3 Online Marketing Myths That Even Chuck Norris Can’t Kill

Ready for some quick trivia?

True or False? You get arthritis from cracking your knuckles.

True or False? If you’re in space, you can see the Great Wall of China.

True or False? You can kill someone if you throw a coin from the top of the Empire State Building and it hits someone’s head on the ground.

Of course, the answers are all false, false, and yes, false. These are all myths.

Why do myths exist? According to research done by University of Michigan social psychologist Norbert Schwarz:

“The conventional response to myths and urban legends is to counter bad information with accurate information. But the new psychological studies show that denials and clarifications, for all their intuitive appeal, can paradoxically contribute to the resiliency of popular myths…can bias it into thinking that false information is true. Clever manipulators can take advantage of this tendency.”

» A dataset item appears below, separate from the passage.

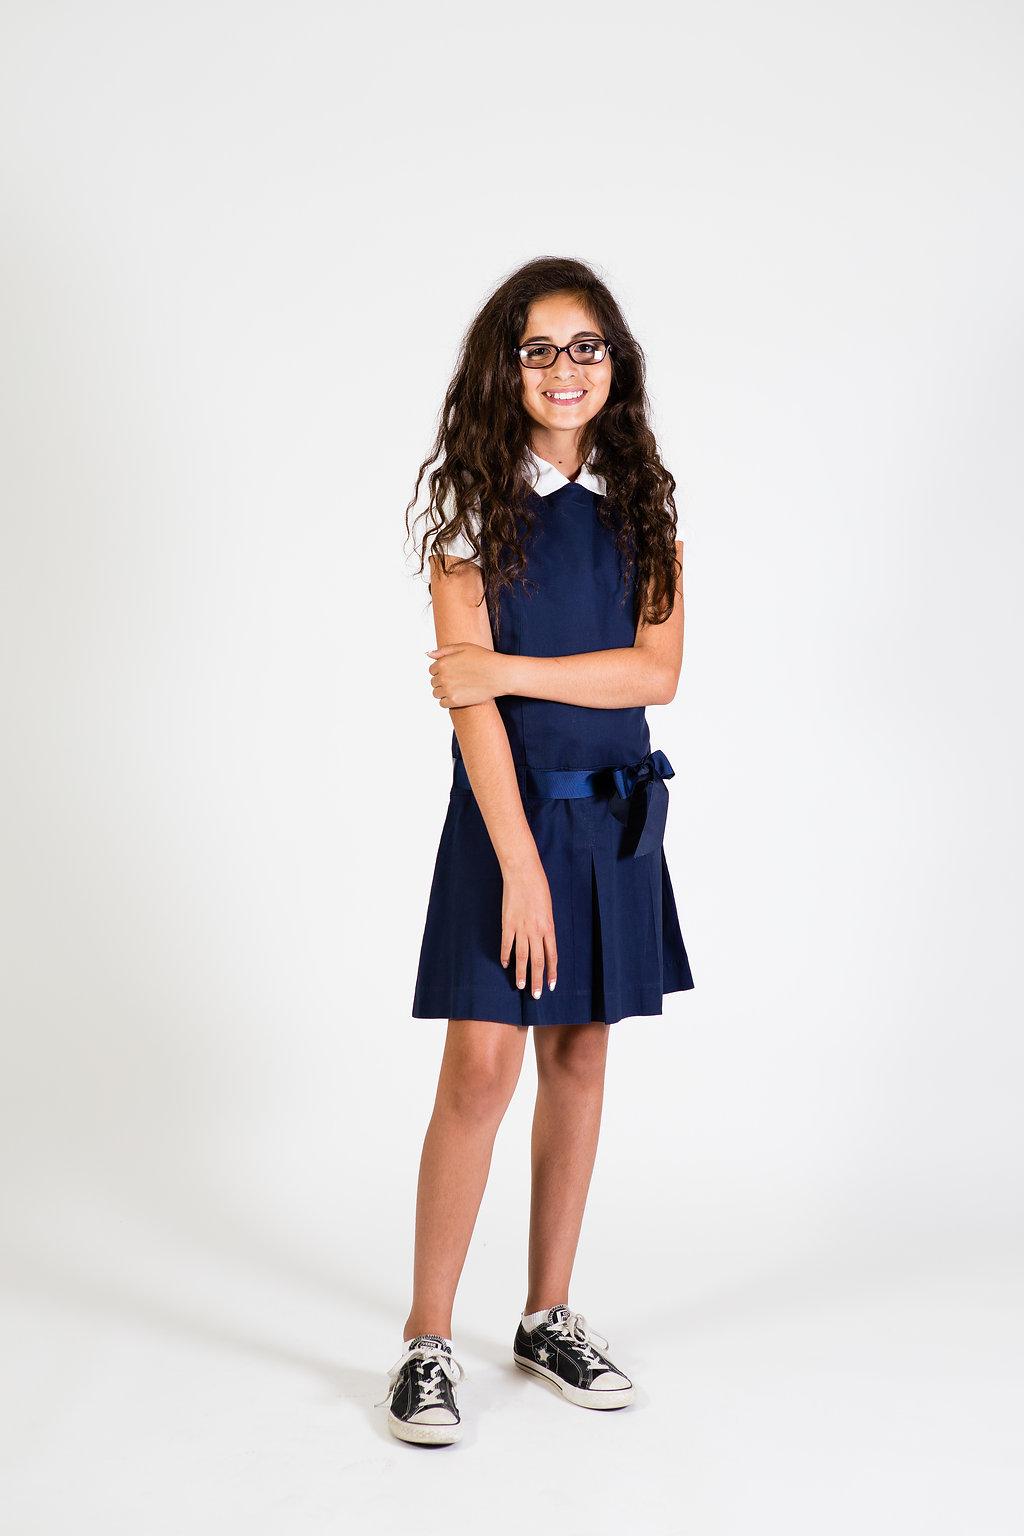 16JuneWCA_Uniforms077-Edit.jpg
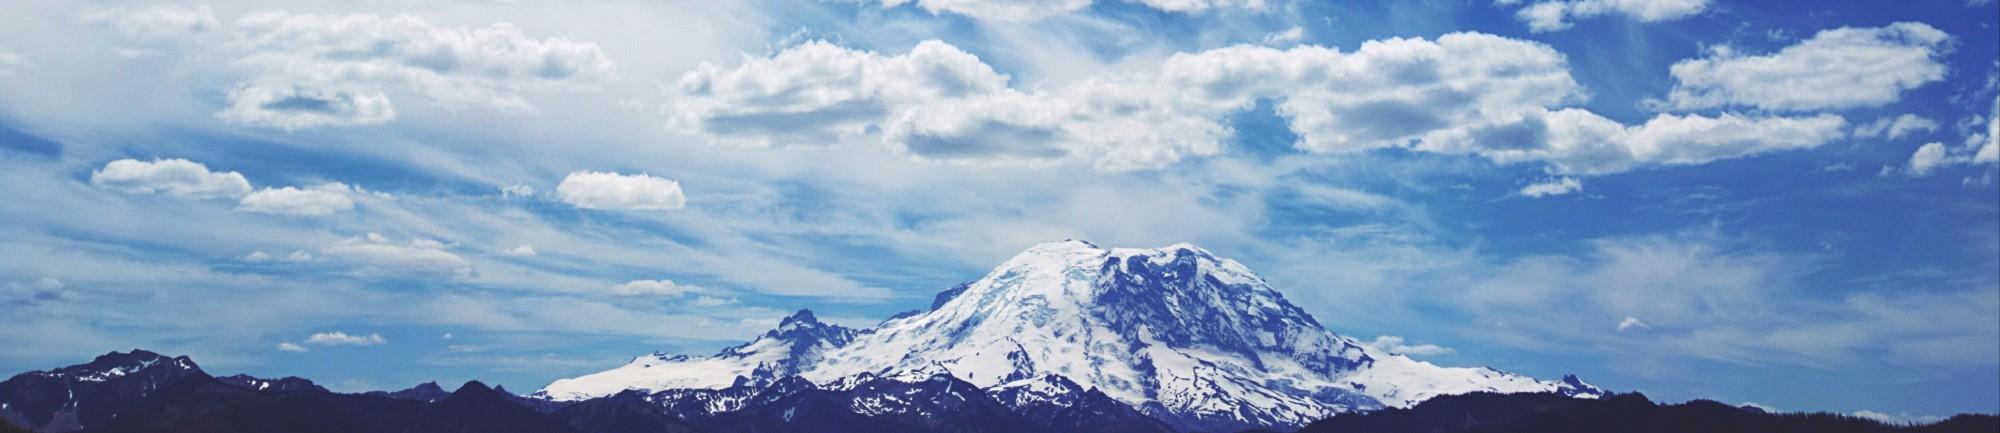 Mount Rainier - Pacific North Wanderers.jpg

Now, if you’ve ever tried marketing anything online, I’m sure you’ve come across some internet marketing myths that seem to never die. Though I can’t prove it scientifically, I bet certain people in certain companies want new players to keep believing in these myths. And here I’d like to squash some of these online marketing myths completely:

Myth 1: More Traffic = More Money

Makes sense right? The more eye balls you have, the greater the chance of you selling some stuff. Wrong again.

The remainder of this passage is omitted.